Das Volk kann raffinierte Entführer sehr gut verstehen, ihre Tat aber nicht billigen, weil es selbst zum Arbeiten geht und ohne Befehl keine Taten begeht. Das Volk hat keine Sympathien für Richard Oetker als Unternehmersohn, weil es Unternehmer nur als Arbeitgeber kennt und an ihrem Leben nur über die Illustrierten gelegentlich Anteil hat. Anteilnahme hat es allerdings für die Krücken Richard Oetkers, denn das mit der Ruinierung der Gesundheit ist eine böse Sache, wie jeder weiß.


Der Kommentar

Die Entführung und der Prozeß sind eine Sensation. Nichts ist gewöhnlich an dem ganzen Zirkus: weder die Art der Bereicherung, die sich die Kidnapper ausgedacht haben, noch das Opfer –  und schon gleich gar nicht die Bewältigung der ganzen Affäre durch die Justiz. Weil es eine Sensation ist, taugt sie zur Unterhaltung.

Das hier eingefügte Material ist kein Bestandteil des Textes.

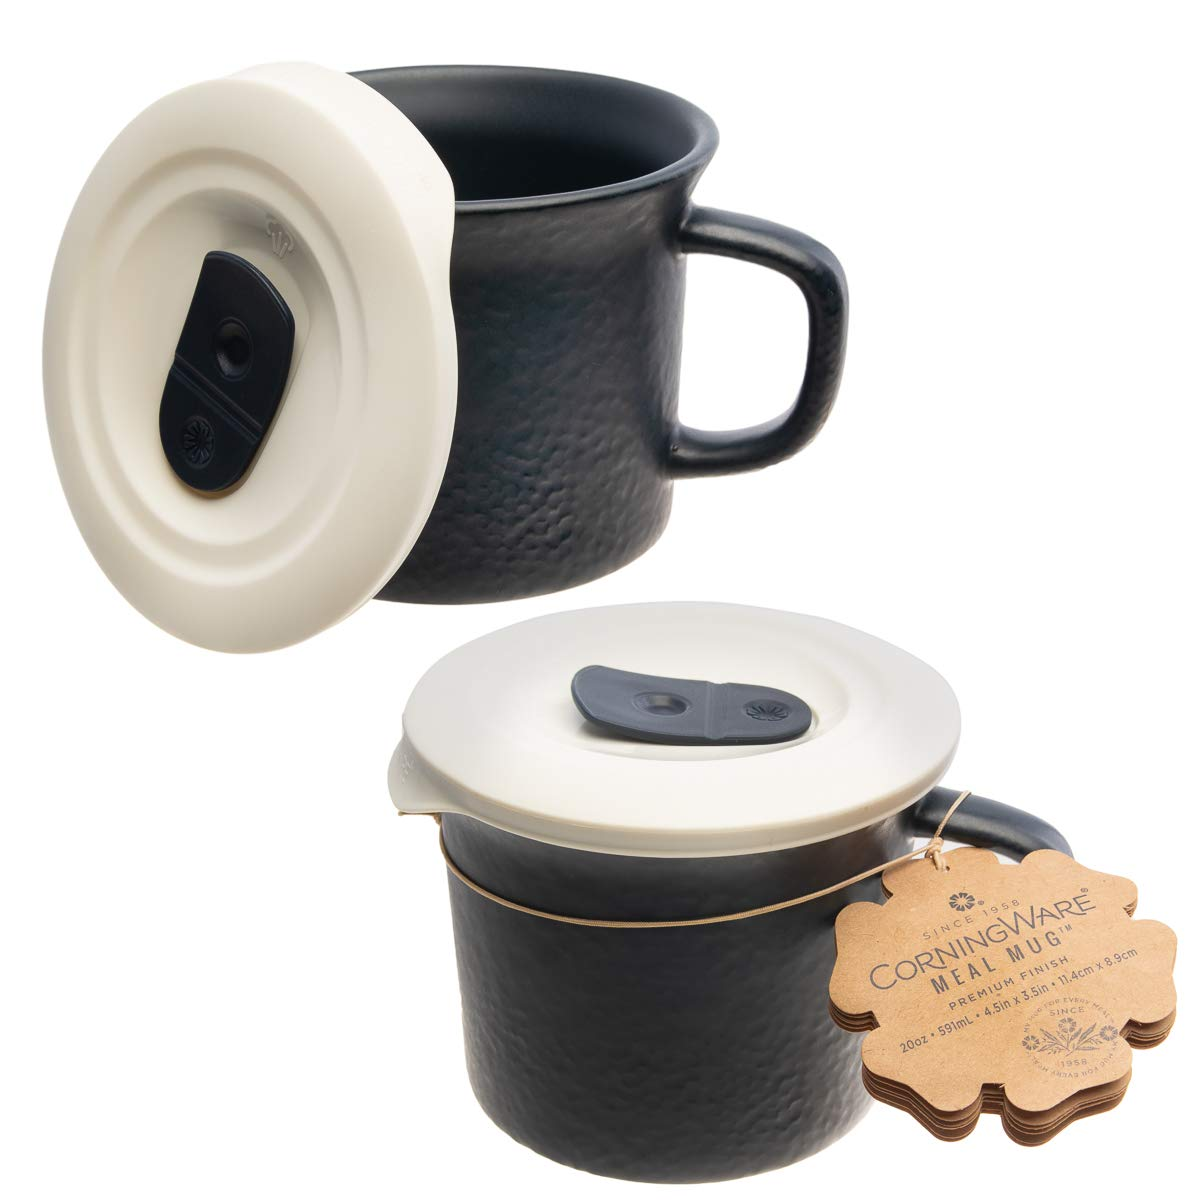 CorningWare (2 Pack 20oz Soup Mug with Lid Coffee Travel Mug Camping Accessories Kitchen Mugs Set
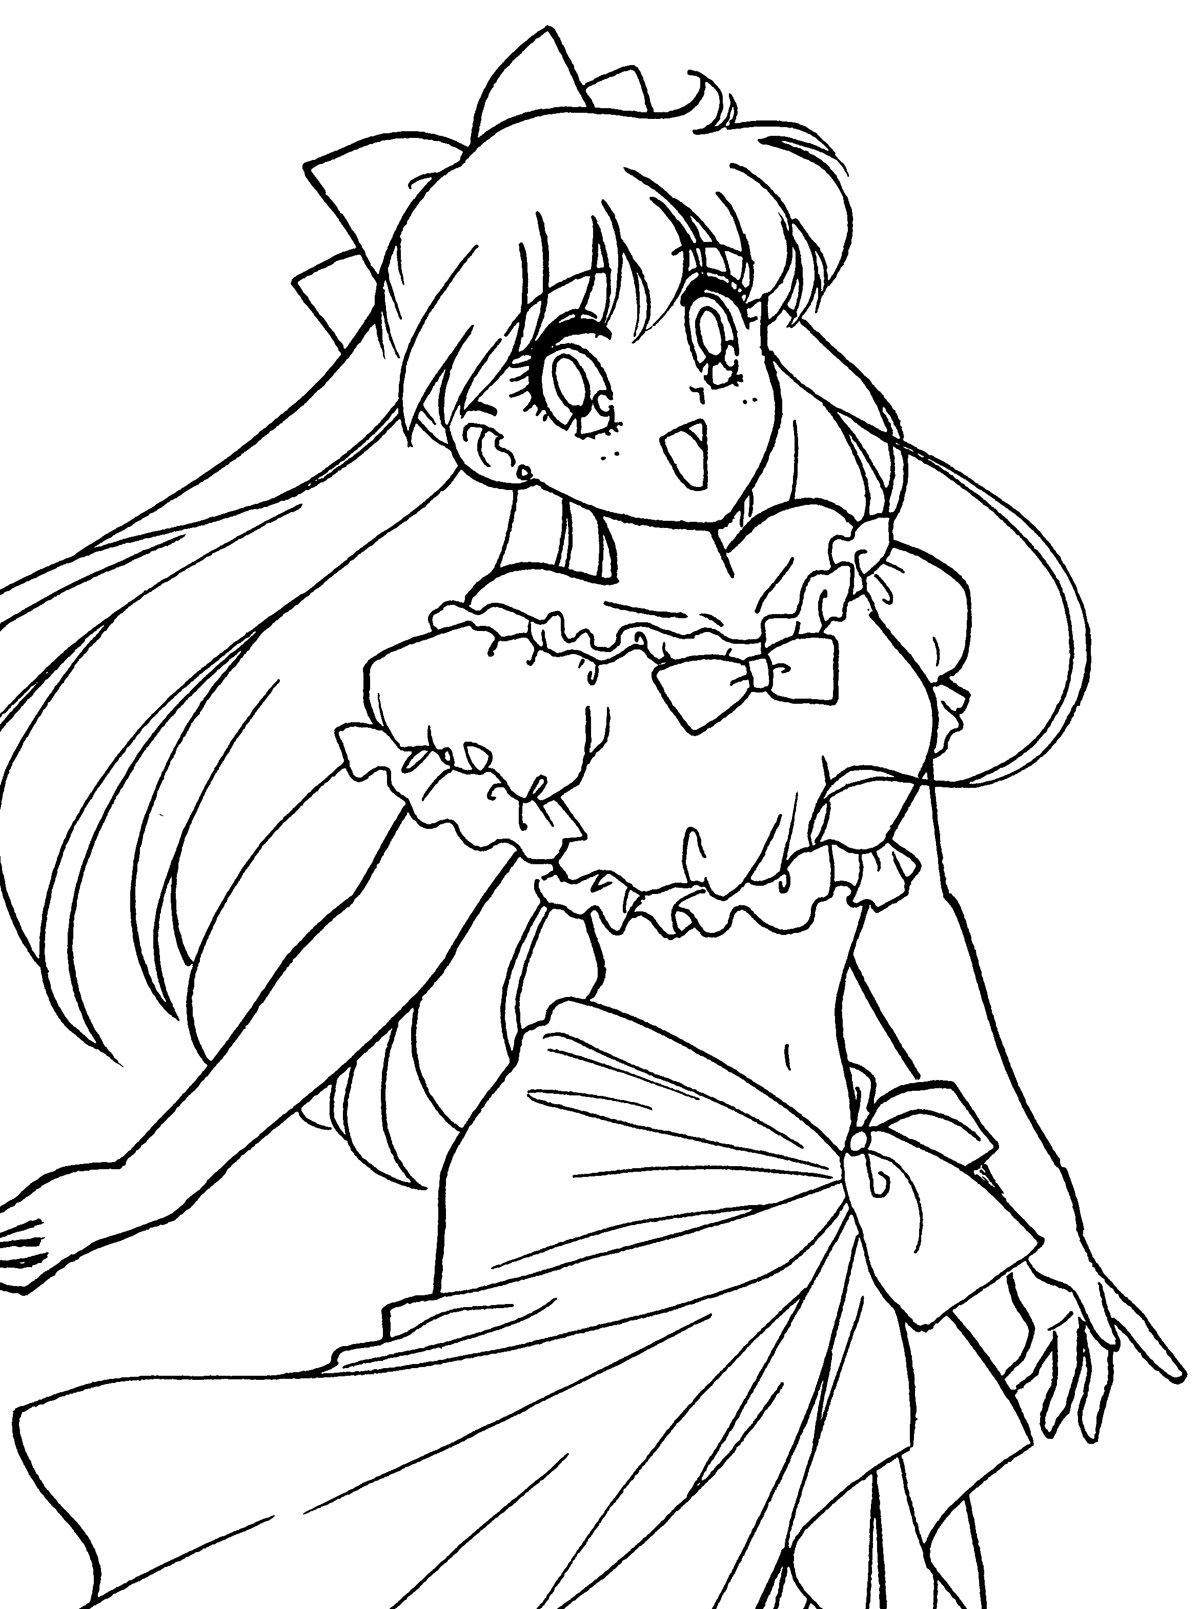 Aino minako coloring page sailormoon sailor moon for Sailor venus coloring pages

Und so ist eben auch ein Verbrechen nicht ganz unnütz: Die gewöhnlichen Formen der Bereicherung und ihre ganz gewöhnlichen Opfer, zu denen man selber zählt, werden vor dieser Story eine ganz matte Sache. Vielleicht liegt der Erfolg der Zeitungen, die so gern zur Brotzeit gelesen werden (AZ, tz, BILD), daran, daß sie die alltäglichen Begebenheiten nicht so sehr in den Vordergrund rücken, dafür alle Sensationen vermelden, die sie aufstöbern – und neben Mitteilungen über alle politischen Notwendigkeiten eben ihre Leser unterhalten.

Der geringe Marktanteil der MAZ wäre so auch verständlich: seit 20 Nummern verzichten wir auf Sympathien mit Verbrechern, Unternehmern und ihre Opfern, schreiben immer nur, daß letztere allen Grund haben, der ganz gewöhnlichen und einzig legitimen Bereicherung, dem Kapital, ihren Dienst aufzukündigen.

Das wäre einmal eine echte Sensation!